**INSTRUCTIONS FOR THE TASK:** From top to bottom, print the listing word for word and skip any pictures it contains.

**DATA SECTION:**

"""

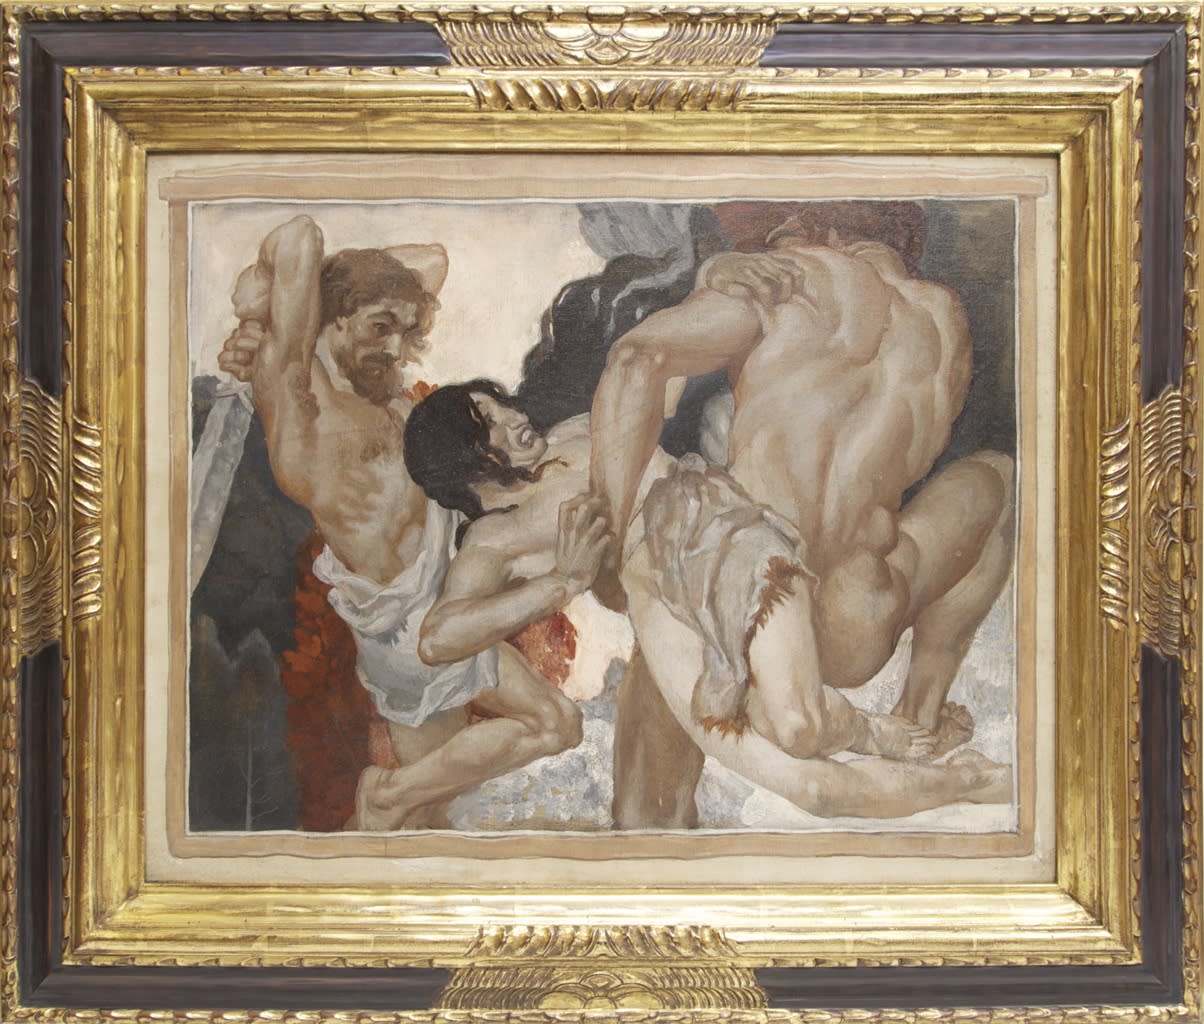 Abduction of Helen of Troy by Paris
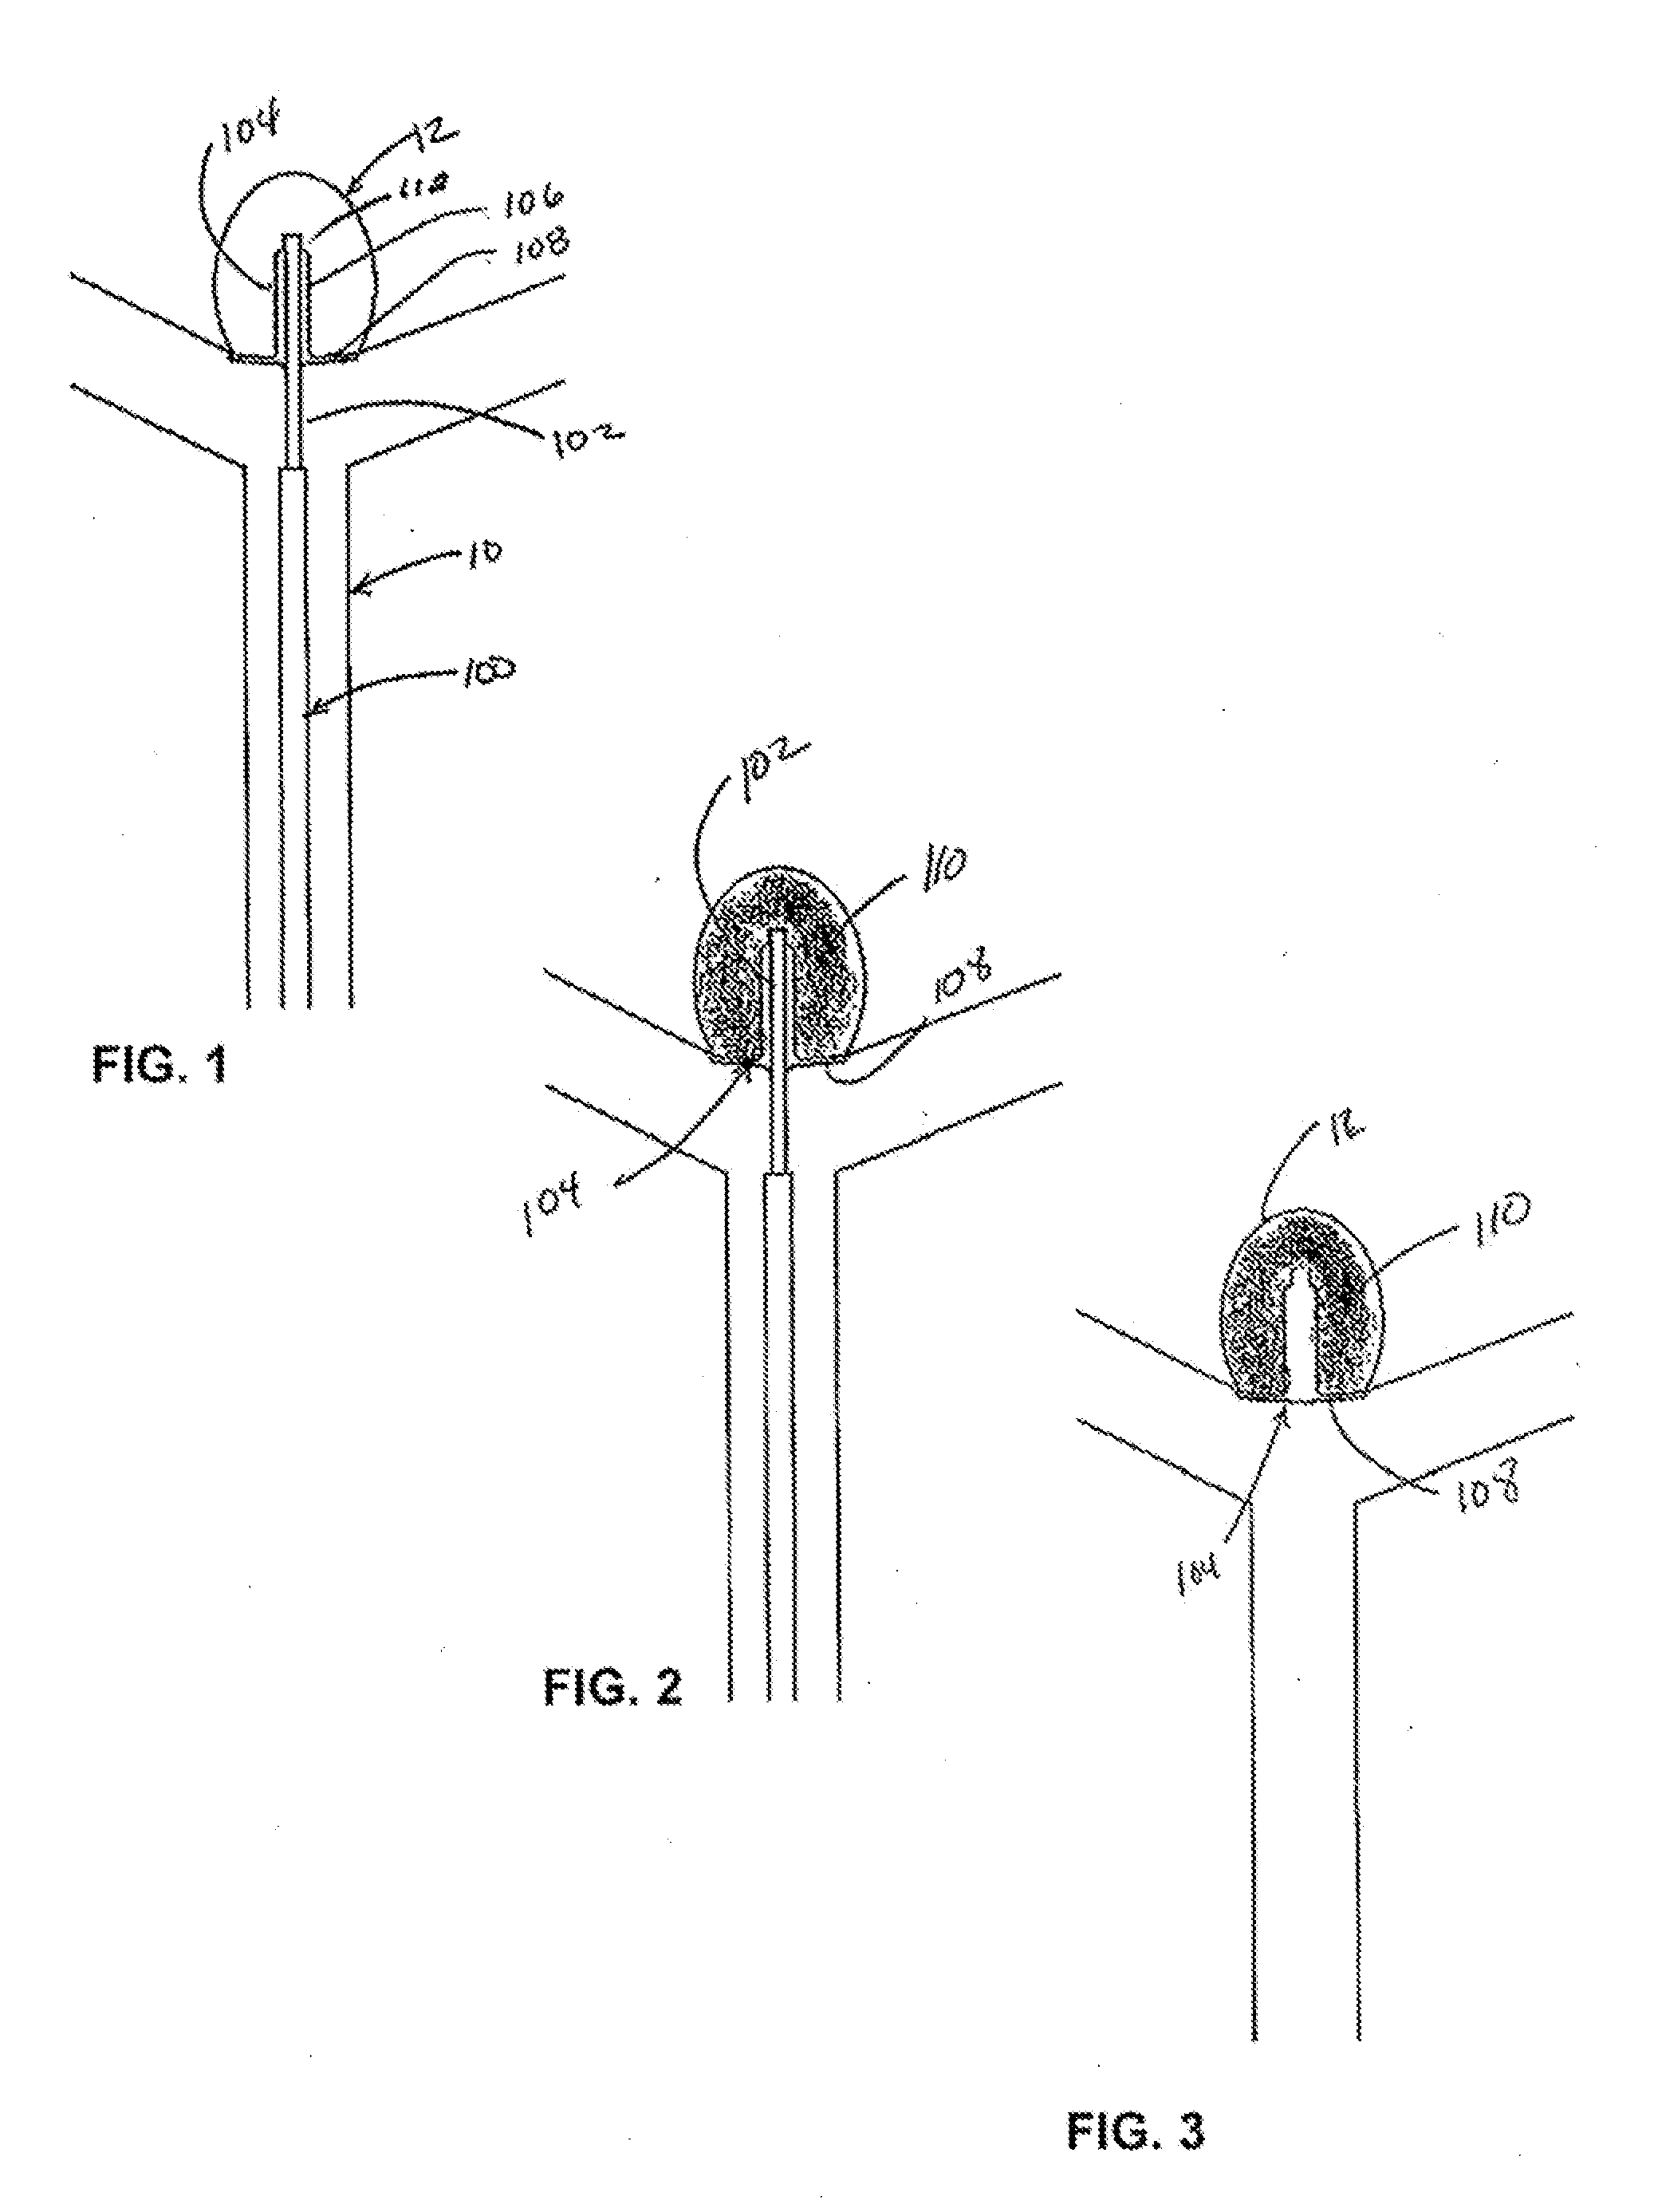 Aneurysm cover device for embolic delivery and retention
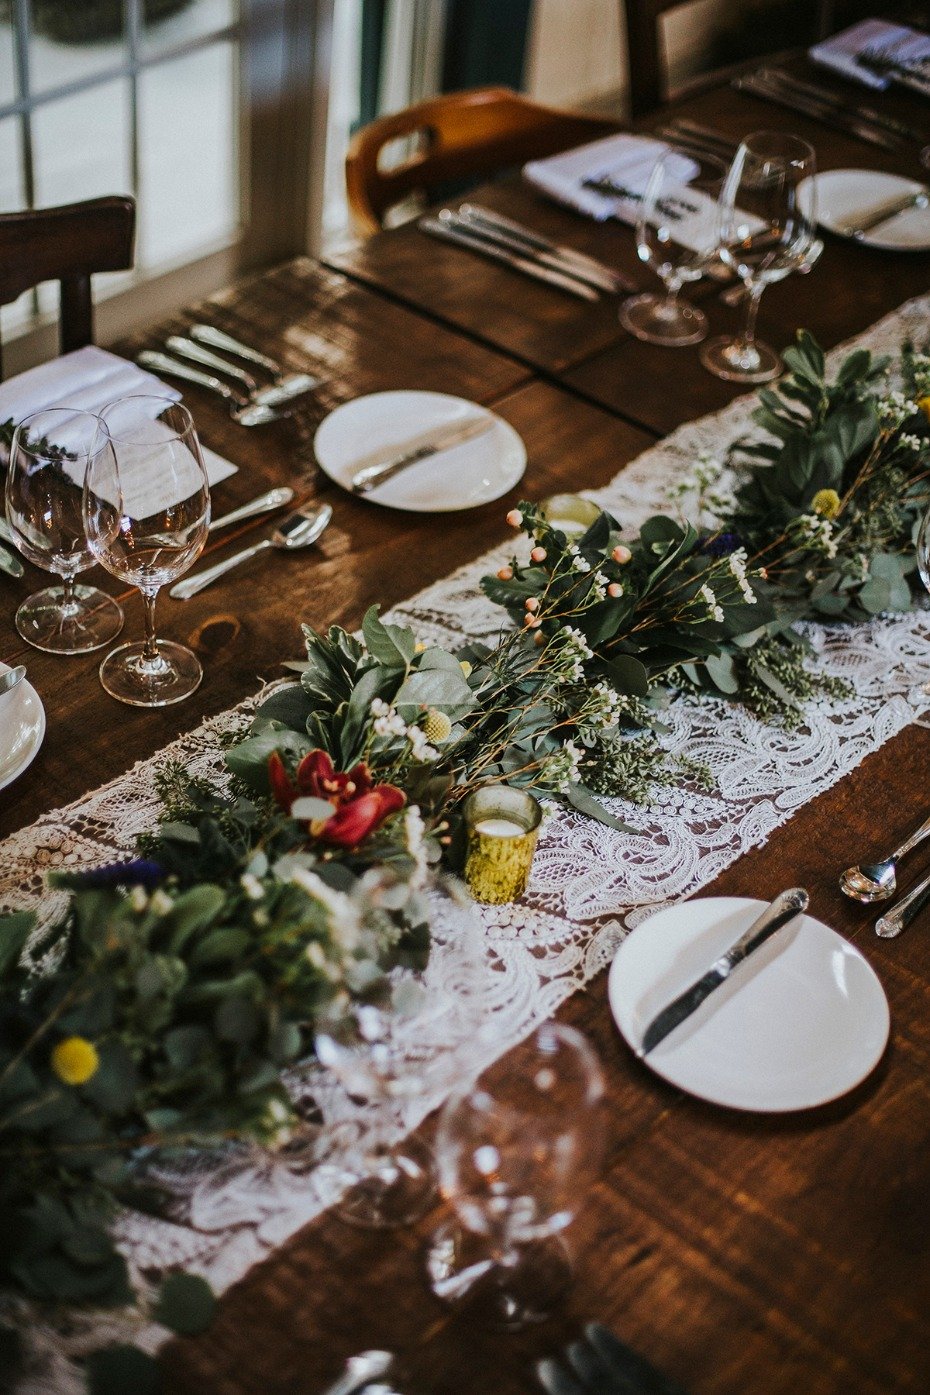 lacy table runner and wildflower garland

"""

**ANSWER TO THE EXERCISE:**
 Abduction of Helen of Troy by Paris
 Aneurysm cover device for embolic delivery and retention
 lacy table runner and wildflower garland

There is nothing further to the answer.